Para Britto, também falta definir o limite de valor para brindes e para a chamada “hospitalidade legítima”, definida no texto aprovado como “a oferta de serviço ou pagamento de despesas com transporte, alimentação, hospedagem, cursos, seminários, congressos, eventos e feiras, no todo ou em parte, por agente privado para agente público”.
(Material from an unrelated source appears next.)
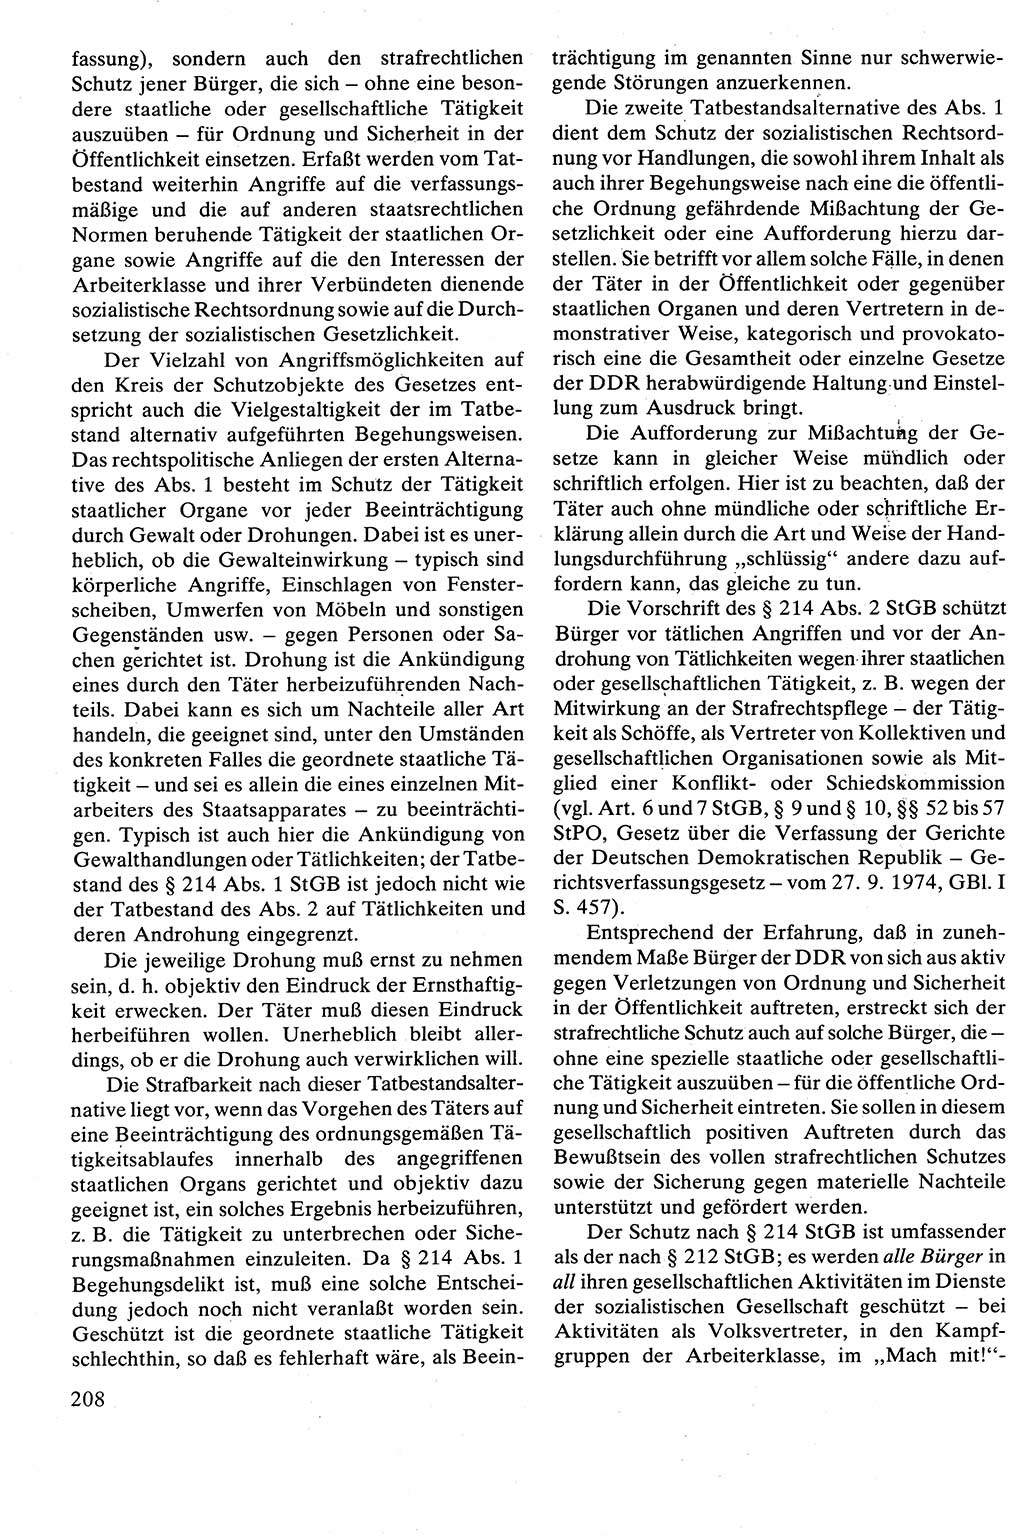 Strafrecht [Deutsche Demokratische Republik (DDR)], Besonderer Teil, Lehrbuch 1981, Seite 208 (Strafr. DDR BT Lb. 1981, S. 208)
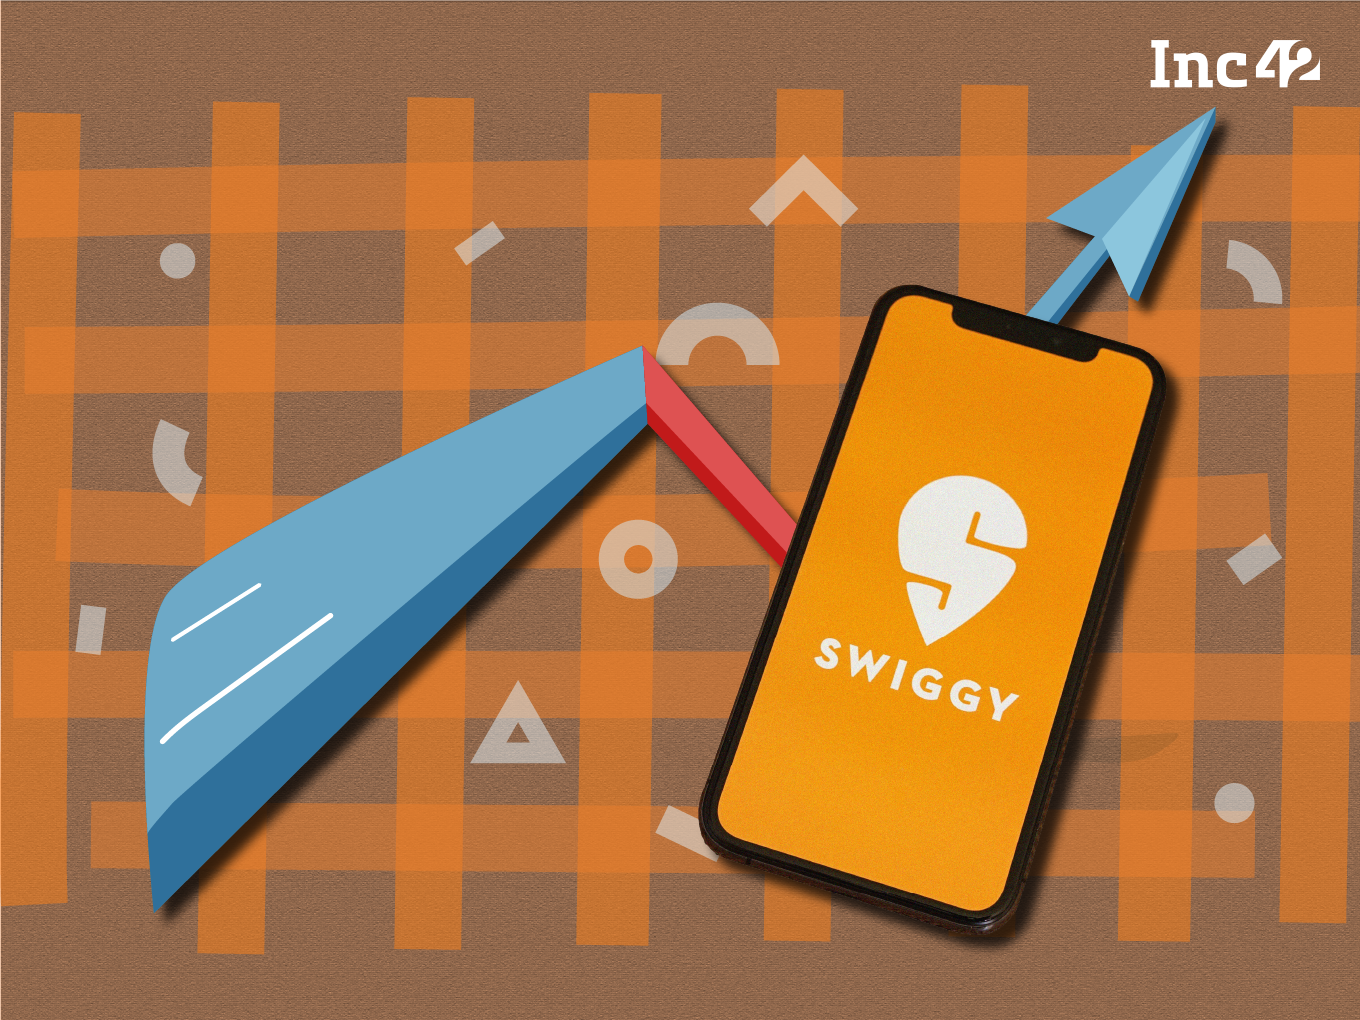 Free Swiggy Money | Swiggy Logo Game | Swiggy New Game - YouTube-cheohanoi.vn

— A falta de clareza nesses pontos faz com que uma lei boa se torne quase um convite para uma lei que não vai pegar — avalia Britto, ressaltando ainda que a proposta não prevê a extensão das regras para estados e municípios.
Esse é um dos pontos no radar do relator no Senado, Izalci Lucas. Segundo ele, ao menos 13 instituições que debatem o lobby vão participar das audiências públicas sobre o projeto. Além disso, ele pretende convidar representantes de estados e municípios para a discussão.
— A ideia é fazer um projeto que seja realmente nacional, por isso precisamos ouvir todo mundo. Para tirar essa atividade do submundo precisamos aprimorar o texto no Senado — disse Izalci.
Outra lacuna apontada por especialistas é a falta de precisão, no projeto aprovado, sobre quais autoridades deverão publicar as agendas com lobistas, e da obrigatoriedade para que essa divulgação seja feita com antecedência. O texto enviado ao Senado prevê apenas que as agendas com lobistas deverão ser divulgadas no Sistema Eletrônico de Agendas do Poder Executivo (e-Agendas).
Professor de Direito Constitucional da Universidade do Estado do Rio de Janeiro (Uerj), Rodrigo Brandão aponta ainda que falta ao projeto um diálogo com a Lei de Acesso à Informação (LAI), principal mecanismo que regulamenta o direito de acesso dos cidadãos aos dados da administração pública.
— Sem aprimorar esses pontos a lei pode perder a oportunidade de proteger grupos mais frágeis, com menos acesso direto ao poder — aponta Brandão.
Ao GLOBO, a Controladoria Geral da União (CGU) afirmou que já iniciou diálogo junto ao Senado e se dispôs a atuar ativamente nos debates. “A regulamentação do lobby tem papel importante no que diz respeito à promoção da integridade (prevalência do interesse público sobre os interesses privados)”, disse o órgão em nota.
Presidente da Associação Brasileira de Relações Institucionais e Governamentais (Abrig), que reúne lobistas, Carolina Venuto elogia a proposta aprovada na Câmara. Ela defende a importância da aprovação da lei para tirar a atividade de um limbo jurídico.
— É preciso uma lei para criar regras que vão desde códigos de conduta até a definição de eventuais infrações de ambos os lados. Para além da transparência, regras claras aplicáveis a todo mundo democratizam a atividade — defende Venuto.